__What is expected__
Your output should be the lines from the one containing "Gravata Azul Escuro Classic Homem" through the last line below, both ends included, exactly as written and free of pictures.
___ Recorded data ___
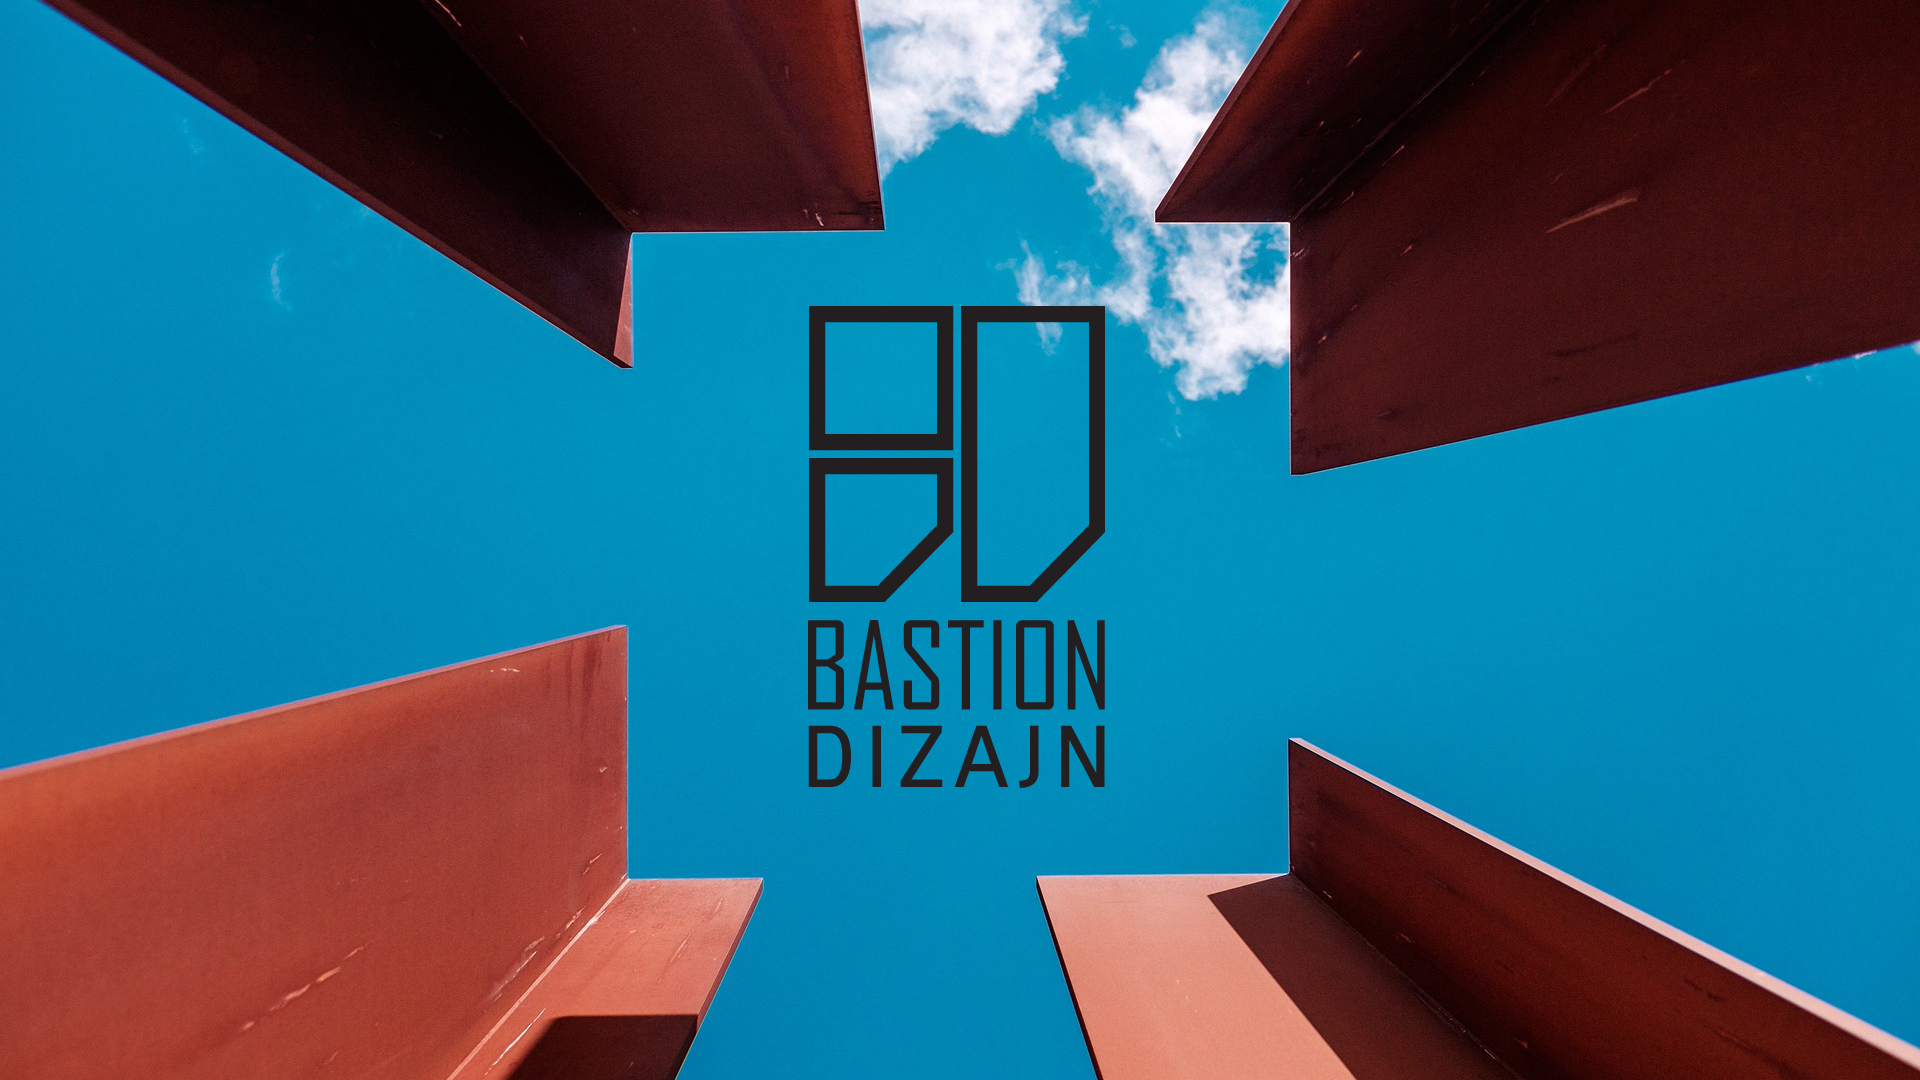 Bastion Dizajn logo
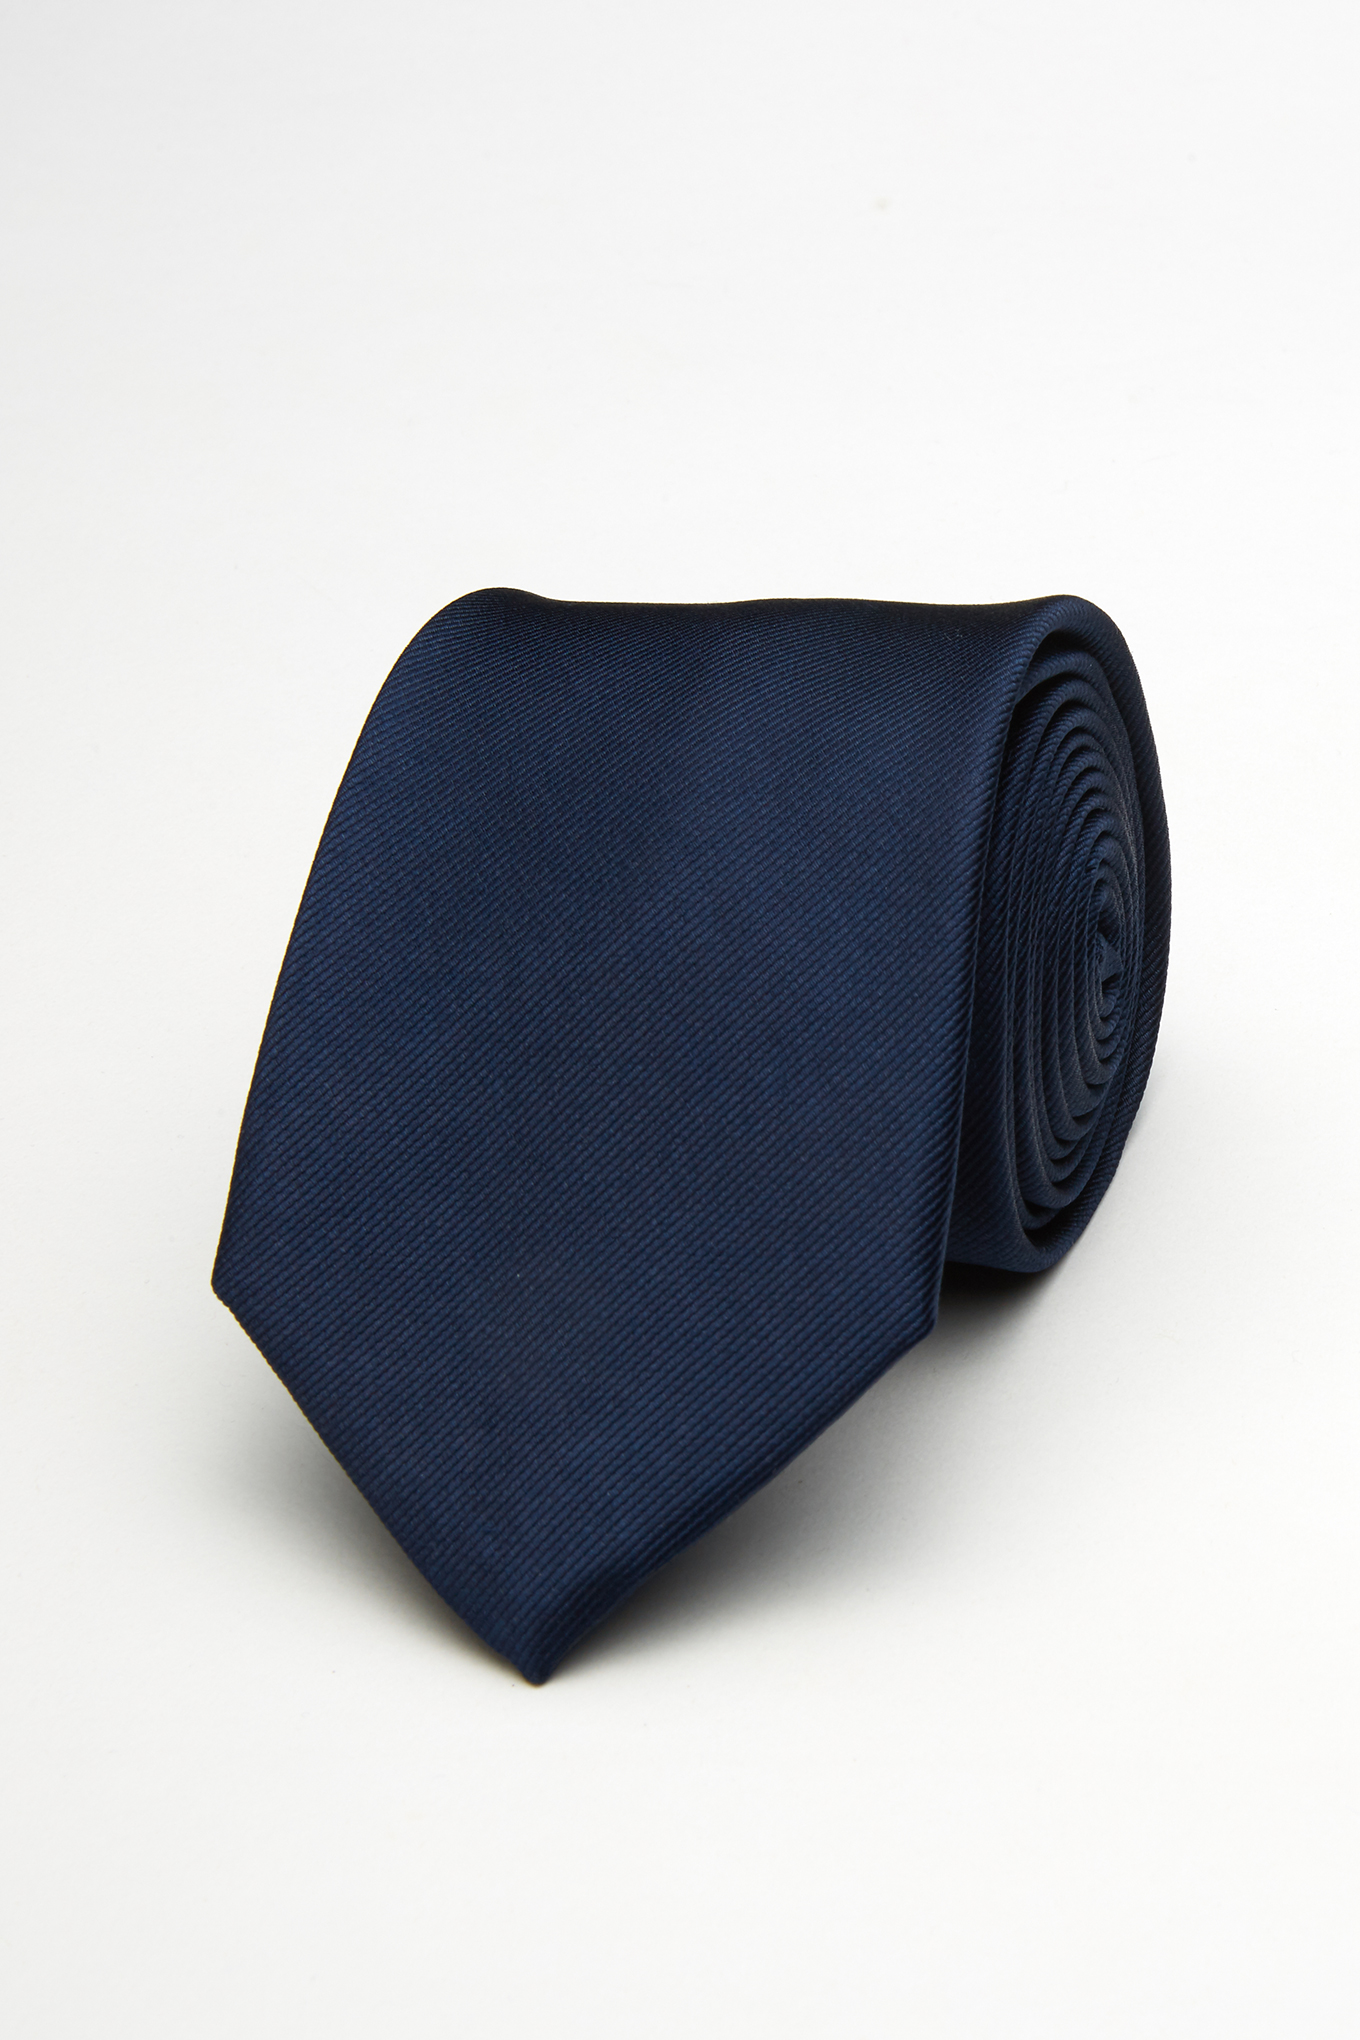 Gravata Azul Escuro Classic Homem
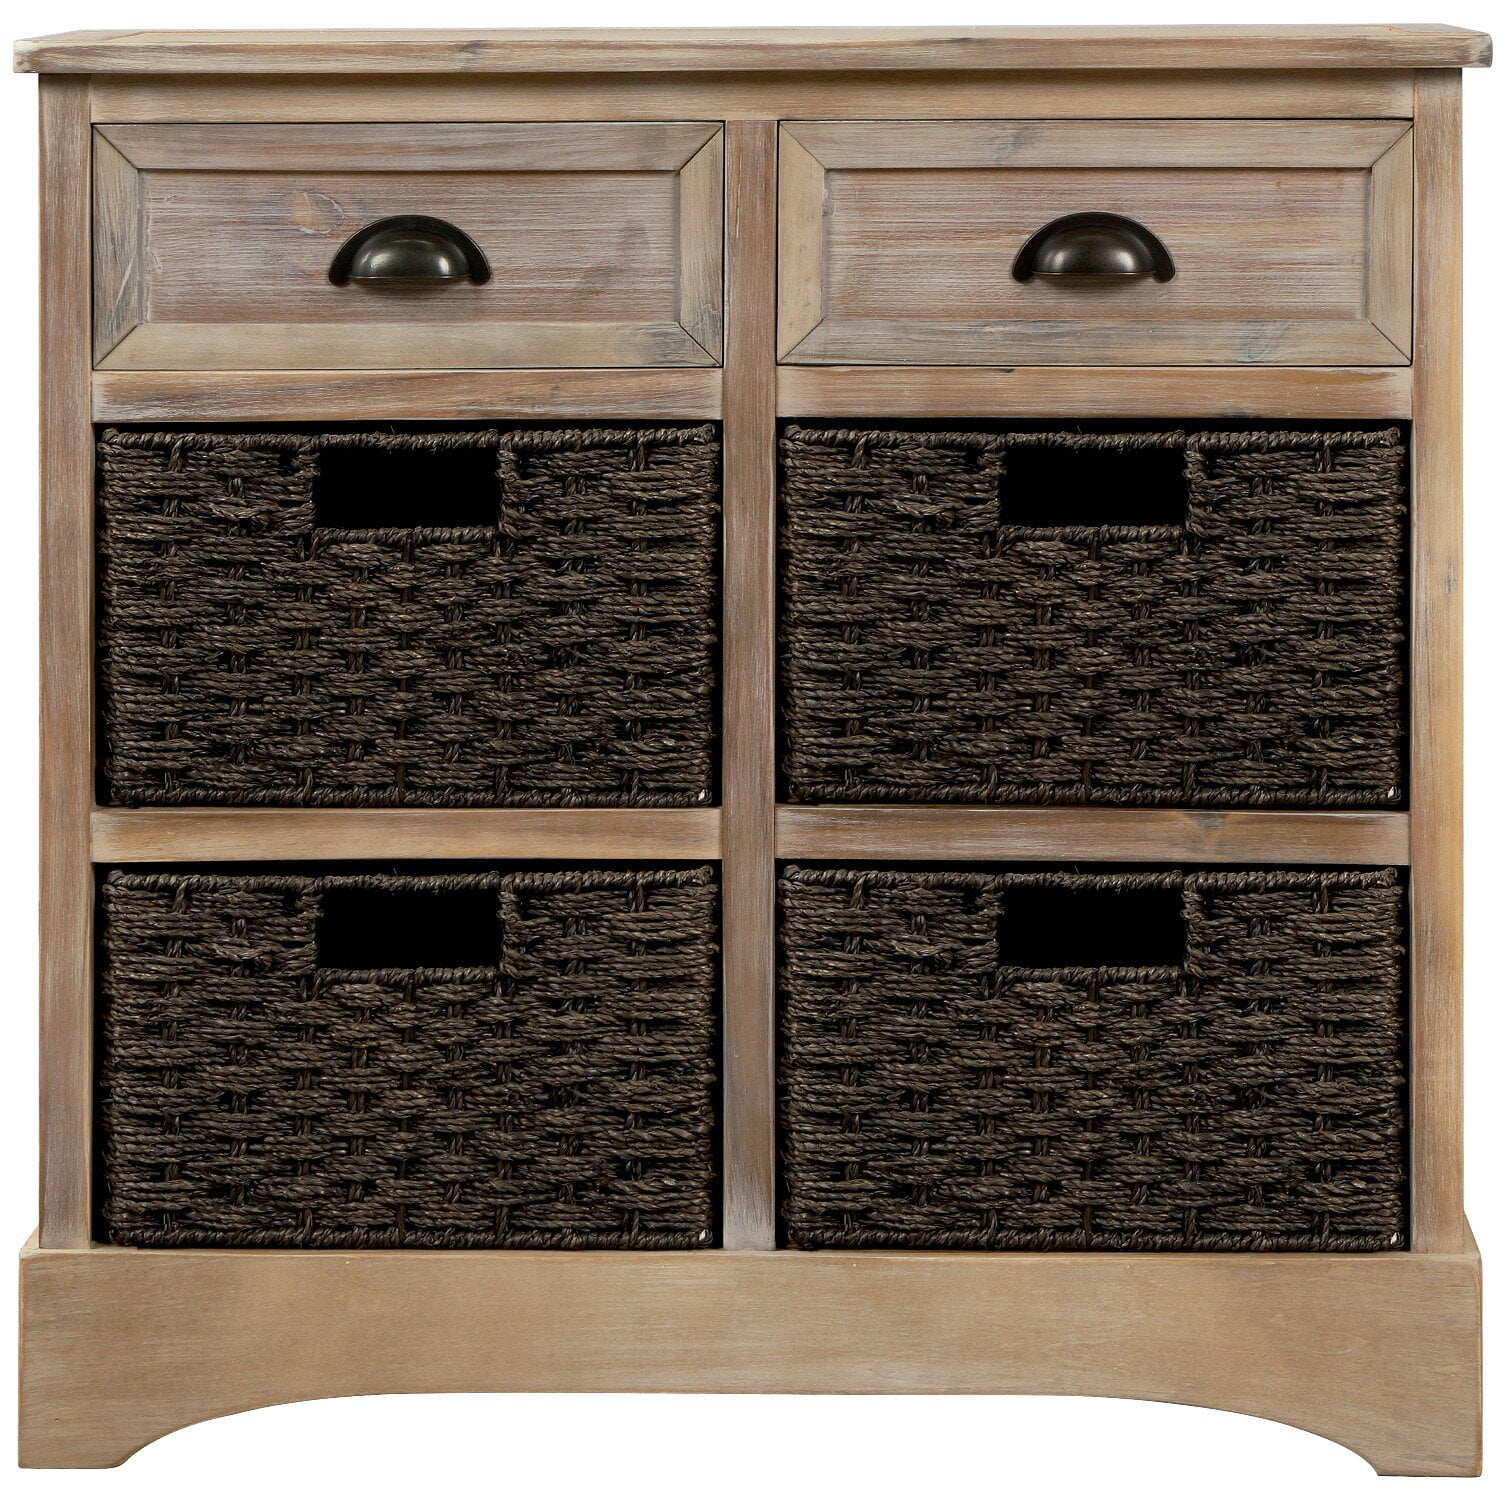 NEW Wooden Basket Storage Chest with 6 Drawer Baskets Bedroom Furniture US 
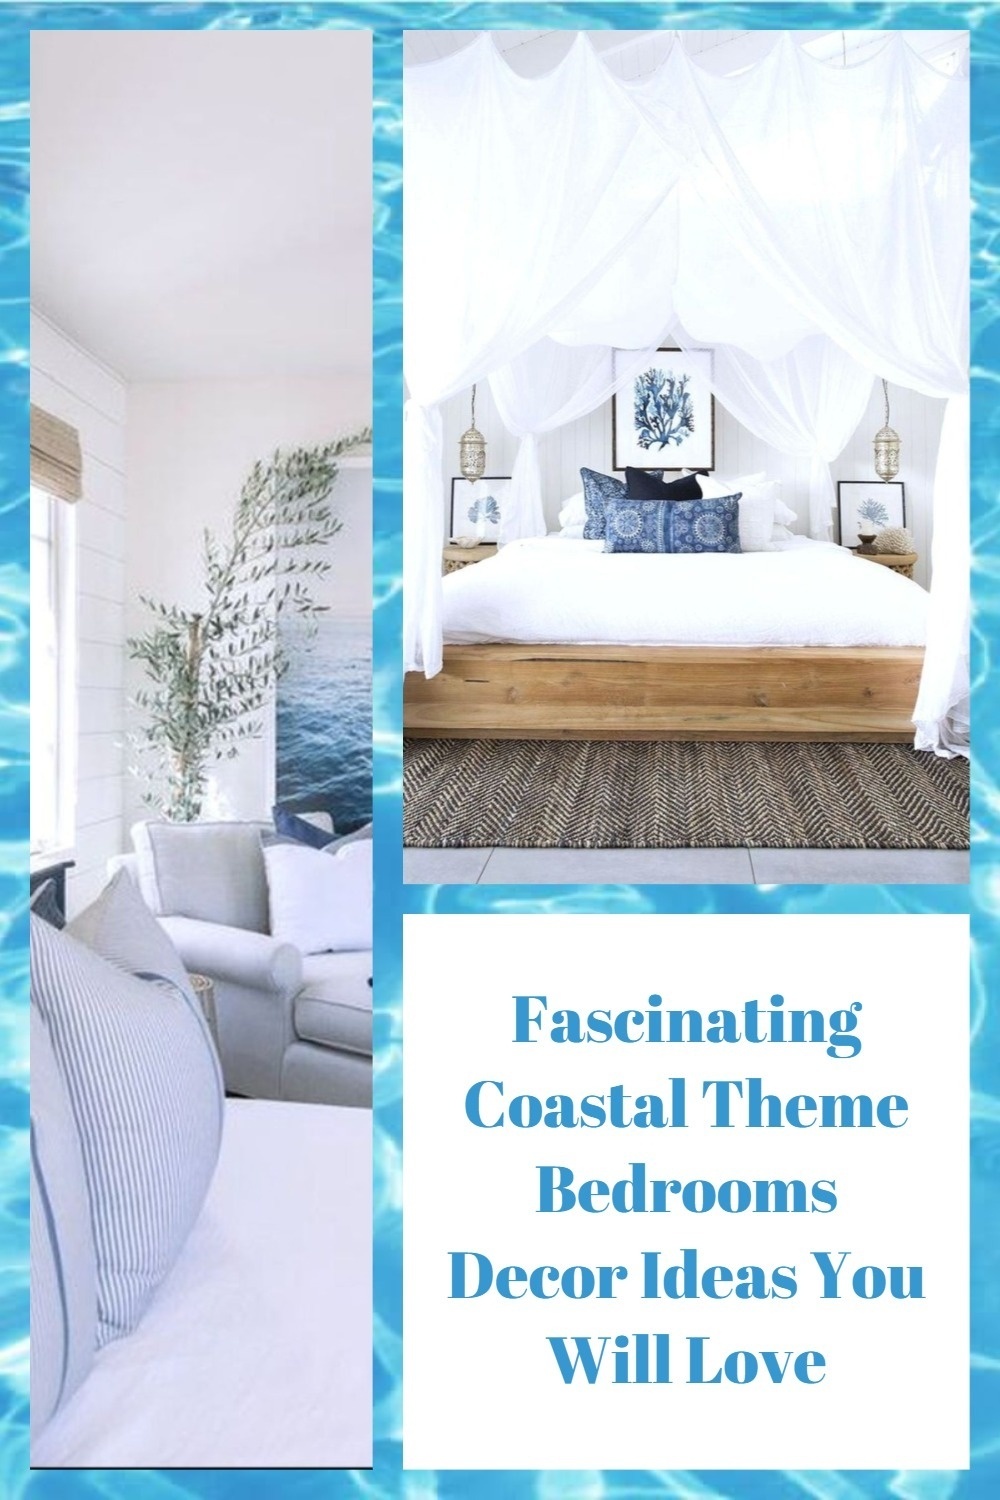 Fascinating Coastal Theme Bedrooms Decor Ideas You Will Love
___
__Reply__
 Gravata Azul Escuro Classic Homem
 NEW Wooden Basket Storage Chest with 6 Drawer Baskets Bedroom Furniture US 
 Fascinating Coastal Theme Bedrooms Decor Ideas You Will Love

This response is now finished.